Saturday 21 April 2018

CRH in sales warning as building sector struggles

Country's biggest company predicts further drop of 20pc

CRH chief executive Myles Lee announcing the global materials group's preliminary results for 2009 yesterday
CRH chief executive Myles Lee announcing the global materials group's preliminary results for 2009 yesterday

Thomas Molloy

THE country's biggest company said sales could tumble 20pc this year after falling 35pc last year as the construction market continues to contract.

CRH said Irish sales fell to €726m last year from €1.12bn the previous year, while it swung to an operating loss of €34m last year from a profit of €110m the previous year.

Ireland, one of CRH's four regions, suffered a decline in profit and sales that was worse than twice the average across the company. Total pre-tax profit more than halved last year to €773m, while sales declined 17pc to €17.4bn, the company added.

Sales here will fall again this year as major construction projects, such as the nation's motorway network, the national convention centre and the only shopping centre still under construction, are completed, chief executive Myles Lee said yesterday.

The company's performance was uneven last year, with countries such as Switzerland, Poland and Germany holding up well, while others such as the US and Ireland struggled.

CRH embarked on a major cost-cutting programme over the past two years, cutting one in four jobs at the organisation which employed 90,000 at the height of the boom.

Here in Ireland, CRH closed companies, such as Castlecomer, Kilkenny-based Ormond Brick, as sales faltered.

Shares in CRH, which has streaked past the battered banks to become the country's biggest company by market value, were little changed yesterday at €16.80 in Dublin.

The shares tumbled last November when the company warned it was facing sharp falls in earnings and profits.

The company gave the market further details in January, so there were few surprises in yesterday's figures which the company blamed on poor weather, cost-cutting and unfavourable foreign exchange rates.

"They're bang in line. They are known for cautious guidance. There's nothing really new in that," one Dublin-based trader said.

Most analysts focused instead on the company's outlook for 2010. The company said yesterday the outlook was the least certain for 15-20 years.

"There is considerable uncertainty with regard to what 2010 holds for us, and I don't think anybody is calling anything yet," chief operating officer Albert Manifold said. "You couldn't call it up.
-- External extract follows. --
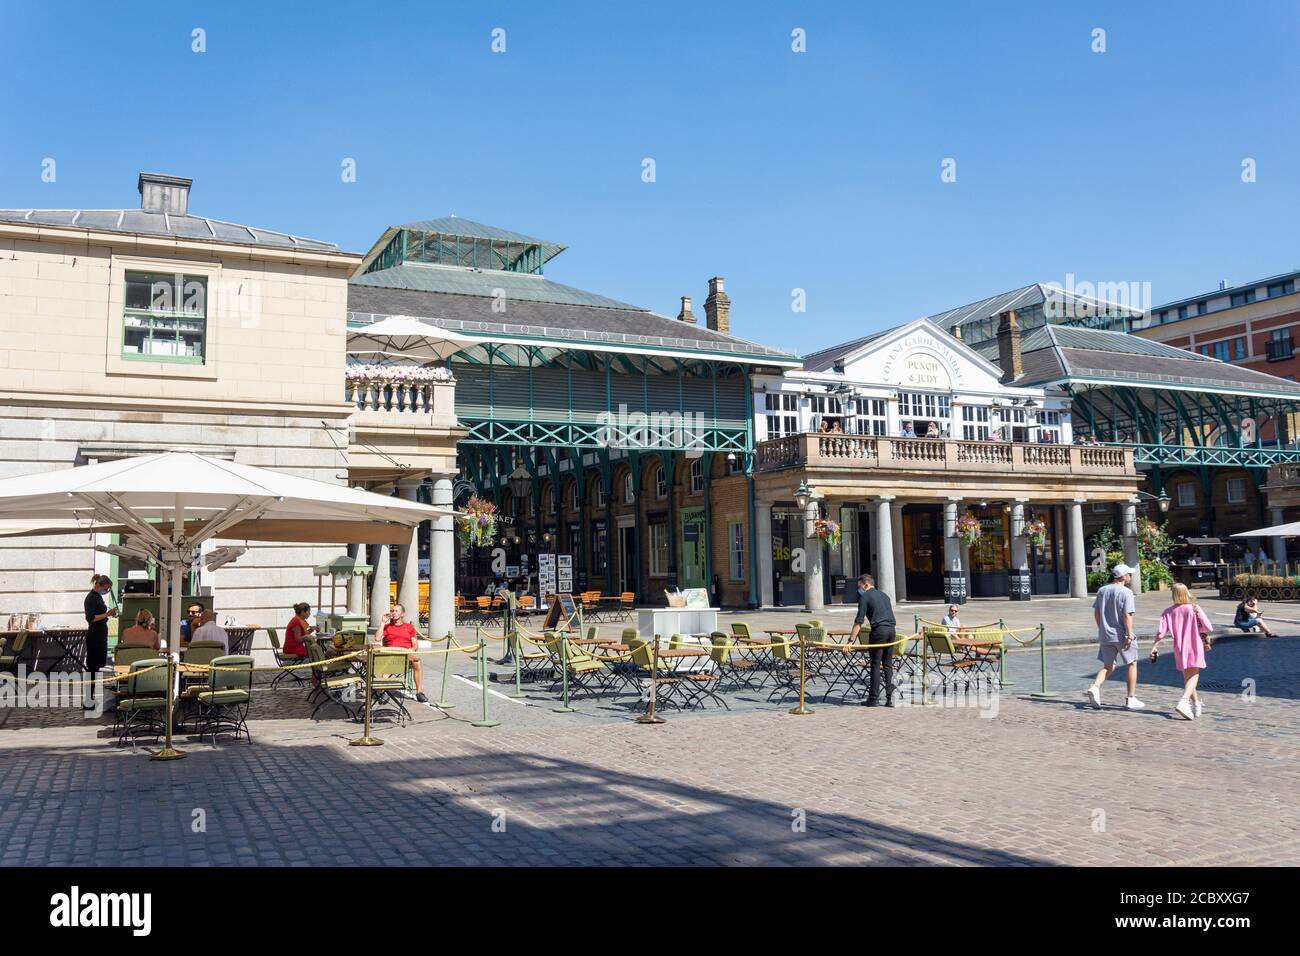 Mercato di Covent Garden Square, Covent Garden, la City of Westminster, Greater London, England, Regno Unito Foto Stock

You couldn't call it down."

The group edged up the final dividend to 44 cent from 43.7 cent last year, which enabled it to record its 26th straight year of dividend growth.

Mr Lee said the pipeline for acquisitions, a key driver for future growth, was good in Europe and the United States, and the company, which has less debt than rivals following a rights issue last year, could afford to be selective.